Farr seemed both on one 40-yard pass from Beban. He found himself darting at top speed just inside the sideline, a Missouri defender attached to his pale-blue jersey and the ball coming high over the wrong shoulder. He leaped, he looked straight up and back, he stretched out his hands and he made the catch.

As a runner, his 13-yard squirt for UCLA's final touchdown was enough proof for the most skeptical. Farr took a quick hand-off from Beban and shot through left guard, sped in his long-gaited style briefly into the clear, then broke one tackle, only to be hit at the knees on the five by another defender. In a combination hurdle, broad jump and hop, step and jump, he soared into the air and crashed head first into the Missouri end zone. Chancellor Murphy steeplechased up and down the sidelines.

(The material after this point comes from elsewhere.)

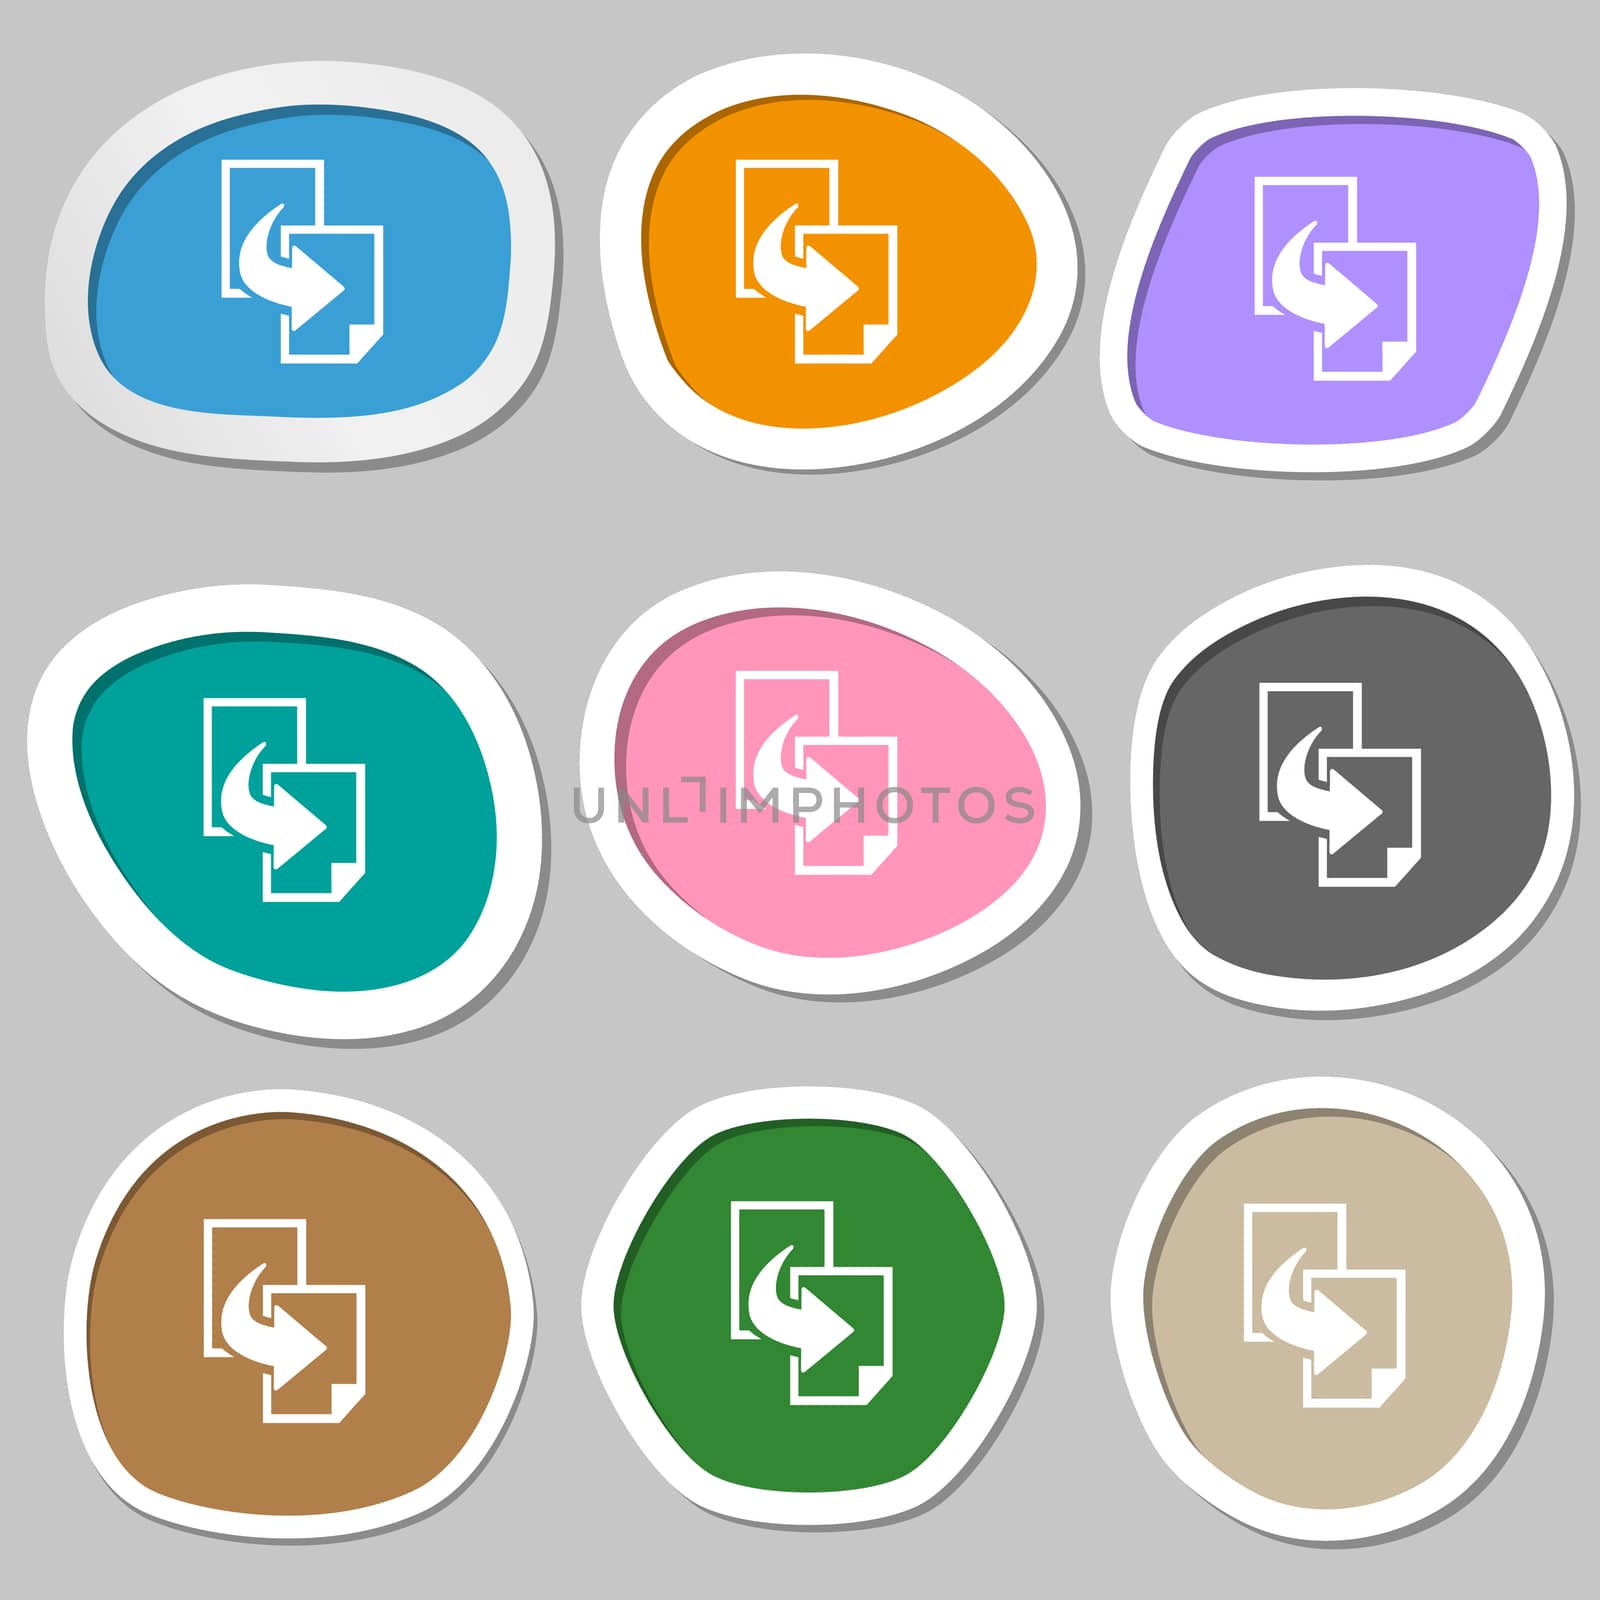 Copy file sign icon. Duplicate document symbol. Multicolored paper stickers. illustration

Even before the game there was no doubt in the minds of UCLA's coaches that Farr was less than super alltime fantastic, to choose a modest Hollywood-style description.

"I think he could probably run a 9.6 or 9.7 in the hundred," said Track Coach Jim Bush. "That is, if he'd work, if he liked it as much as football."

"He's the perfect halfback," said Backfield Coach Pepper Rodgers. "He has speed and strength and he breaks tackles, which is what the pros like."

Although Farr still trails his teammate Beban as far as raves go, he received a clear decision as the best of the running backs in a poll taken by SPORTS ILLUSTRATED of a panel of the most successful professional scouts. The following is a list of the 10 favored backs, together with the paraphrased comments of the scouts and a summation of their season performances thus far.

1) Mel Farr, UCLA, senior: "Best in country. Big, fast, quick and super blocker. Great attitude, good hands, game breaker. Can get bigger without losing speed." Through three games Farr has gained 252 yards, averaging 6.4 per carry, has scored five touchdowns and, together with Gary Beban, is the foremost reason why UCLA is 3-0, is second in the nation in scoring and ranks fifth in total offense.

2) Harry Jones, Arkansas, senior: "Speed, enough size, great hands and apparently durable. Run or catch, can be another Alworth. Maybe fastest runner in the country from scrimmage." This year he has rushed for 106 yards. Last Saturday Jones caught two scoring passes of 72 and 48 yards and ran for another touchdown.

3) Clinton Jones, Michigan State, senior: "Tough, nifty moves, extremely durable, fine attitude. Rates third only because he gives up slight edge in height and speed to Farr and Harry Jones." This year he has rushed for 194 yards, caught two passes for five yards and two touchdowns. Last Saturday Jones, partly because of a bruised knee and partly because of a solid Illinois defense, had the worst day of his career, gaining only 16 yards.